Crusader, a brand bicycle of Mead Cycle Company, fitted with Smith Motor Wheel. This one was well preserved, with many original accesories: saddle, mechanical horn, tool box and others. Original lacquer was mostly preserved, too (see photos), so the painting could be reliably reconstructed.


Some of the earliest motorcycles were made by fitting gasoline engines to modified bicycles. When motorcycles became successful, but expensive, fitting inexpensive engines to bicycles became popular. The Smith Motor Wheel was one of these. Motor wheel was designed in 1910; the eldest model was named Wall Auto Wheel. Soon it was bought by Smith company, and after making some changes the production started in 1914. It was single-cylinder, air-cooled engine, 1 hp. It was fitted alongside the rear wheel of any vehicle, started, lowered to the ground, and away you went. Price new - $60. Over 60,000 were sold in the U.S. before the patent was sold to Briggs & Stratton, which continued its production (Briggs & Stratton model had larger cylinder, in order to achieve 2 hp).
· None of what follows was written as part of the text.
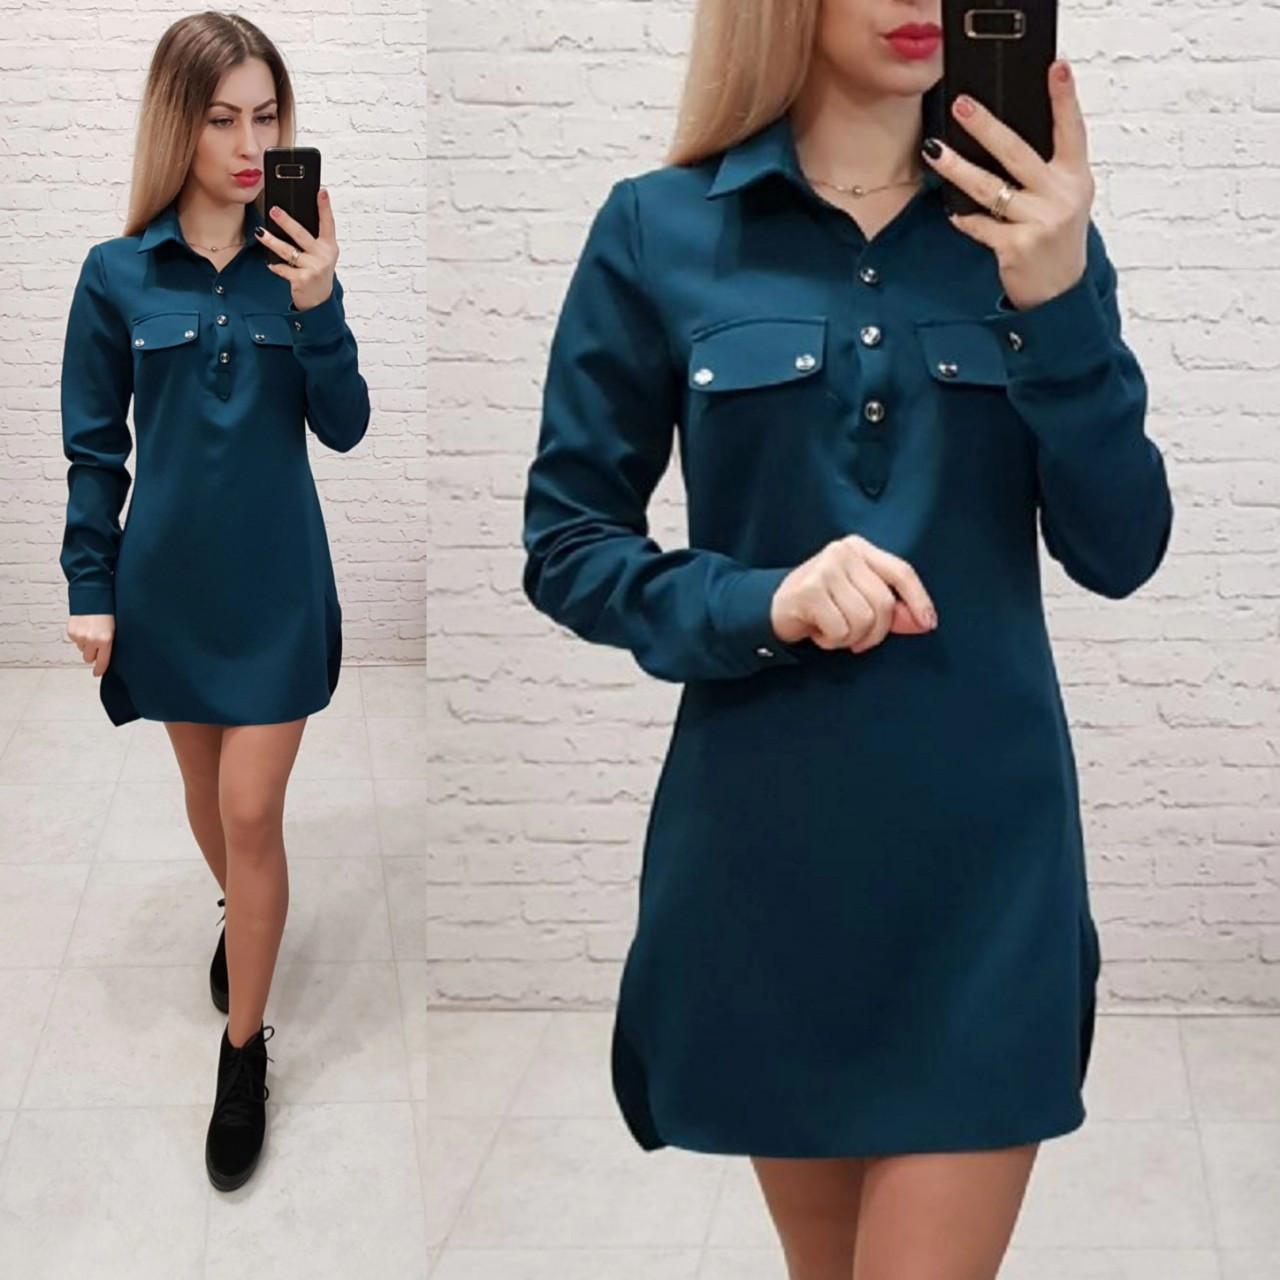 Сукня-сорочка, креп, модель 825, в 6-ти кольорах

[img]A.O. Smith company's predecessor in motorizing bicycles was Shaw; and just like Shaw, the Smith company developed and sold a small buckboard car to increase sales of its bicycle engine. The car was called Smith Flyer (to the left). It was propelled by the motor wheel. Later still, in May 1919, A.O. Smith sold the Motor Wheel rights to the Briggs & Stratton Corporation of Milwaukee, Wisconsin. Briggs & Stratton sold the buckboard car as the Briggs & Stratton Flyer. Briggs & Stratton produced the Motor Wheel and Flyers until 1925.

Mead Cycle Co of Chicago

[img]Mead Cycle Company was one of at least 68 bicycle manufacturers in Chicago at the turn of the century. It was started in 1895 in Wichita by James Lucas “Bunny” Mead, son of James R. Mead (photo to the left), a famous Kansas pioneer and one of founders of Wichita town. Later the company moved to Chicago. After James. L. Mead died in the age of 80, the company continued under direction of son, James E. Mead. The company was producing and selling bicycles in record numbers; in 1900 Mead Cycle Company had 8000 bicycles in stock. They were mail order company; they published direct mail catalogs and ads in various publications like Boys Life.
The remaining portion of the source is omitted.